First, how far could gold go this year?
The market no doubt understands that physical gold currently enjoys a slew of tailwinds, and its price reflects that sentiment.
Gold's surge this past month is likely also supported by a degree of momentum and enthusiasm among gold investors.
Certainly, with the right mix of volatility and continued demand, there is very little preventing gold from breaching $USD3000 per ounce very soon. If we continue to see extended volatility, worsening geopolitics, and rising inflation concerns, gold could hurtle toward $USD3200 before the end of the year.
However, this is not our base case. Any large rise in in the gold price over $USD3000 may not be sustainable.
In the near term, $USD3000 remains a key technical level - or mental barrier - for gold investors.
The precious metal is likely to be rangebound, trading at or around $USD2900 until further catalysts emerge.
We think much of the volatility and uncertainty circulating the market has been priced into gold.

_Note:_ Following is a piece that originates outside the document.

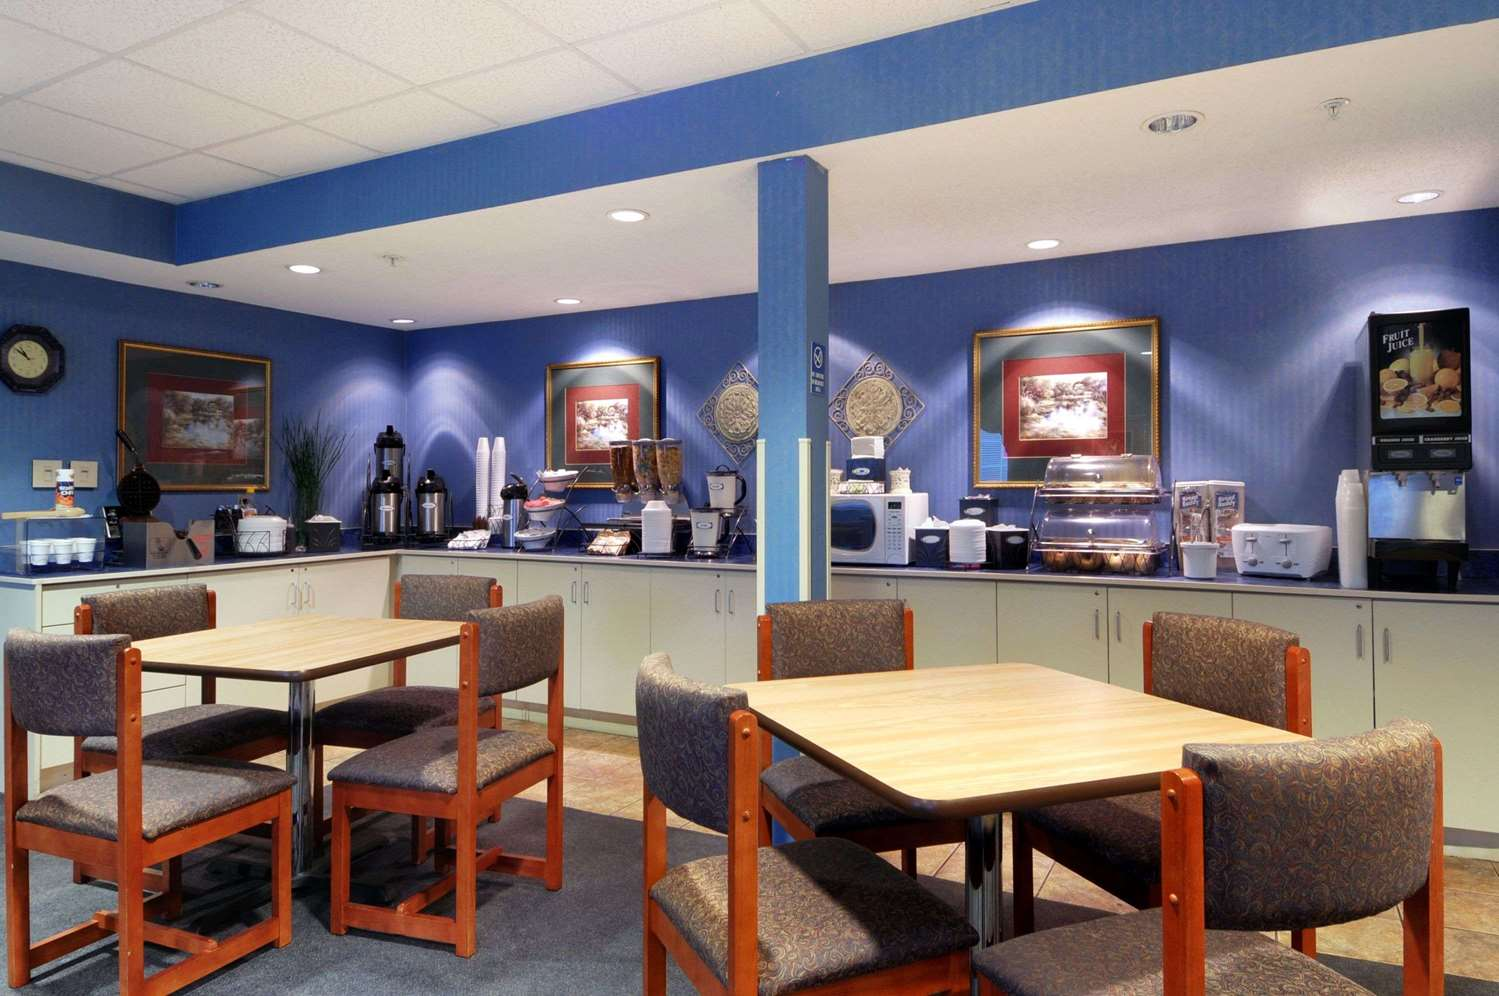 proam - Microtel Inn & Suites by Wyndham Bossier City

That does not mean investors should exit their gold positions in pursuit of risky returns. At Global X, we have long viewed gold as the ultimate hedge against volatility-an "insurance policy" that stabilises portfolios in uncertain times. Our recommendation is to allocate 5% to 10% of a portfolio to gold and hold it as a long-term diversifier, no matter the market conditions.
Given today's environment of rising geopolitical tensions, persistent economic uncertainty, and strong market momentum, gold's role as a portfolio mainstay has never been more relevant.

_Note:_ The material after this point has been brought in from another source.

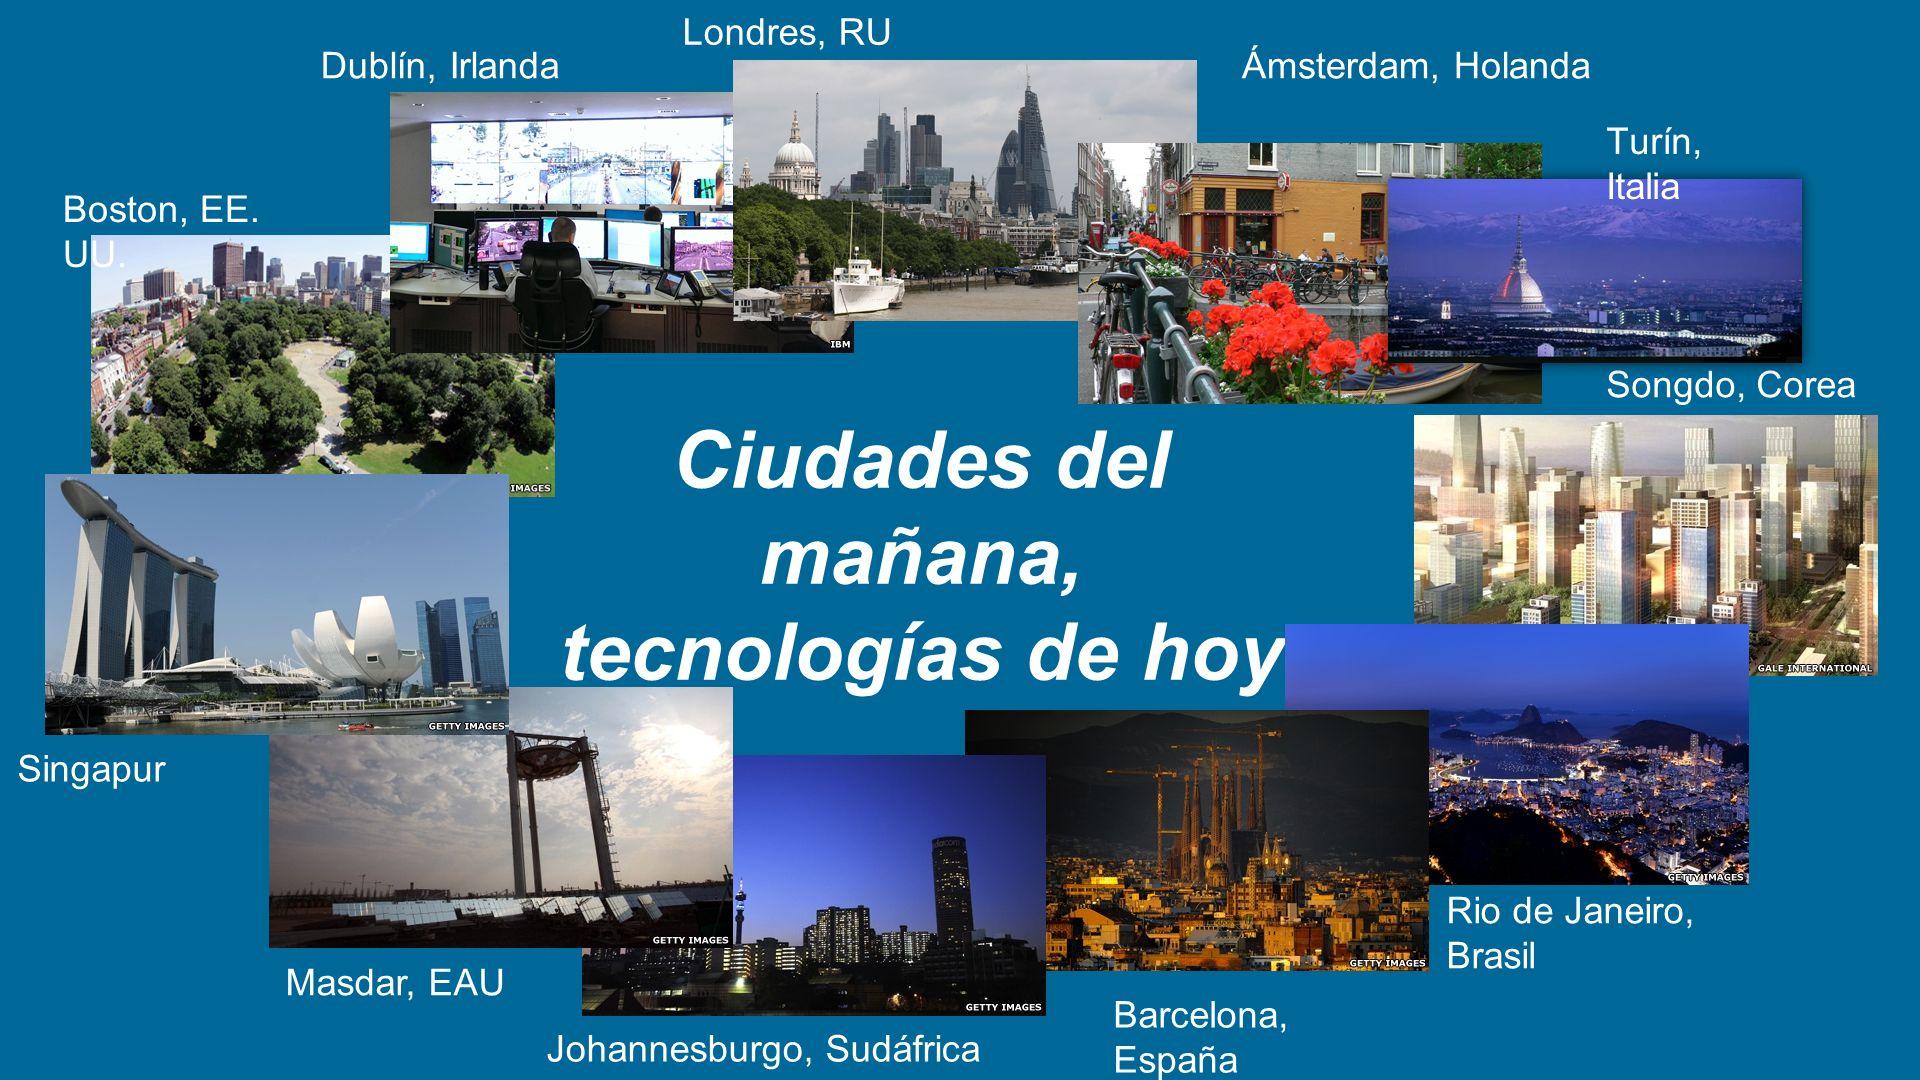 Ciudades del mañana, tecnologías de hoy

Rather than cut exposure, investors may find allocating toward the higher end of the range-closer to 10%-particularly attractive. After all, there's nothing wrong with securing a little extra "insurance" when uncertainty is the dominant theme-something the market appears to be acknowledging now.
Price forecasts and allocation aside, just what has caused this ceaseless rally in gold over the past year? Well, it begins in 2024, where gold did as gold should do-rally in the face of uncertainty. With a tumultuous US election looming, central banks and investors rushed into the metal, pushing prices to a record $USD2780 per ounce.

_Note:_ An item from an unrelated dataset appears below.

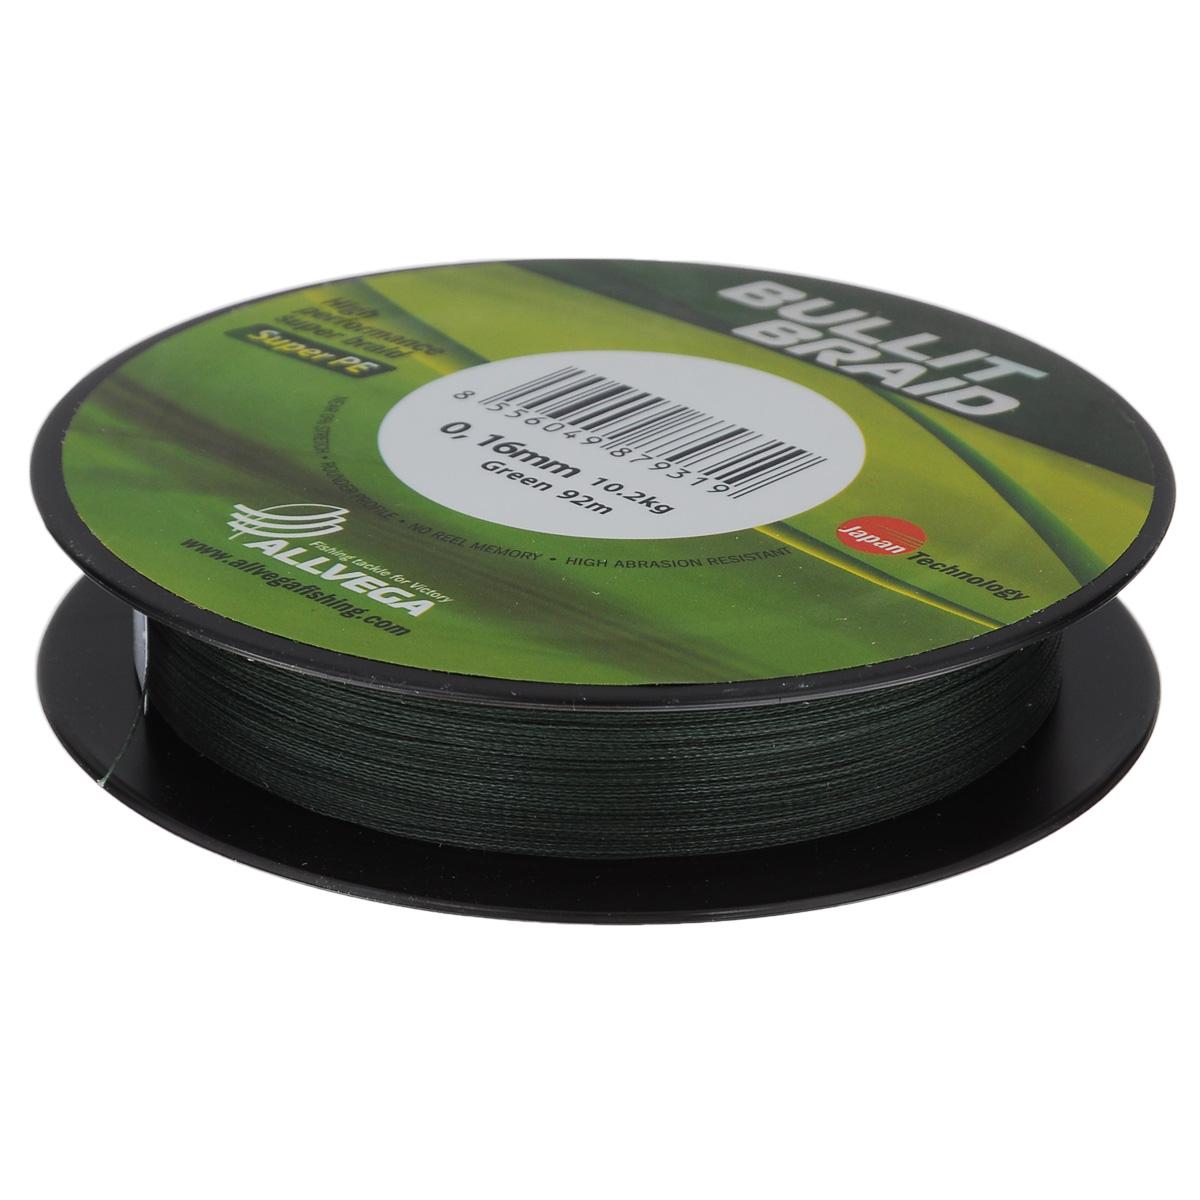 Леска плетеная Allvega Bullit Braid, цвет: темно-зеленый, 92 м, 0,16 мм, 10,2 кг

But after Trump's victory, risk appetite surged. Markets bet that, despite his unpredictability, policy clarity would emerge. Investors rotated into big tech, crypto, and AI, leaving gold behind.
Fast forward to 2025, and that confidence has evaporated. Trump's early weeks in office have been anything but comforting to investors. His abrupt tariff threats, erratic enforcement, and divisive foreign policy have reignited uncertainty.
Meanwhile, the AI boom has hit a snag as DeepSeek's rise challenges US dominance, and yet China teeters on the brink of deflation. The "smooth sailing" many had priced in never materialised. In response, investors are reversing course, piling back into safe haven assets like gold.
With bonds delivering volatility instead of stability and private markets locked behind institutional barriers, gold has emerged as the rare asset that offers both liquidity and protection.
On the other hand, a deeper, structural shift is also unfolding. Global polarisation is driving demand and supporting the gold price at the central bank level.
Non-US-aligned nations have scaled back US Treasury purchases, opting instead for financial independence through gold.
For instance, China's central bank, a key player in this trend, resumed gold buying in December after an 18-month spree. Other nations, including India and Poland, are following suit.
For investors keen on gaining exposure to gold, gold ETFs can offer a more convenient and liquid way to invest in gold than buying bars of bullion. ETFs can be bought and sold like stocks, providing immediate access to the gold market without the need for physical storage.
Gold ETFs typically have lower costs compared to physical gold, as they eliminate the need for storage and insurance, and physically buying gold can often trigger sizeable transaction costs.
And gold ETFs can be part of a diversified portfolio, offering investors exposure to the precious metal, which could become even more valuable in 2025.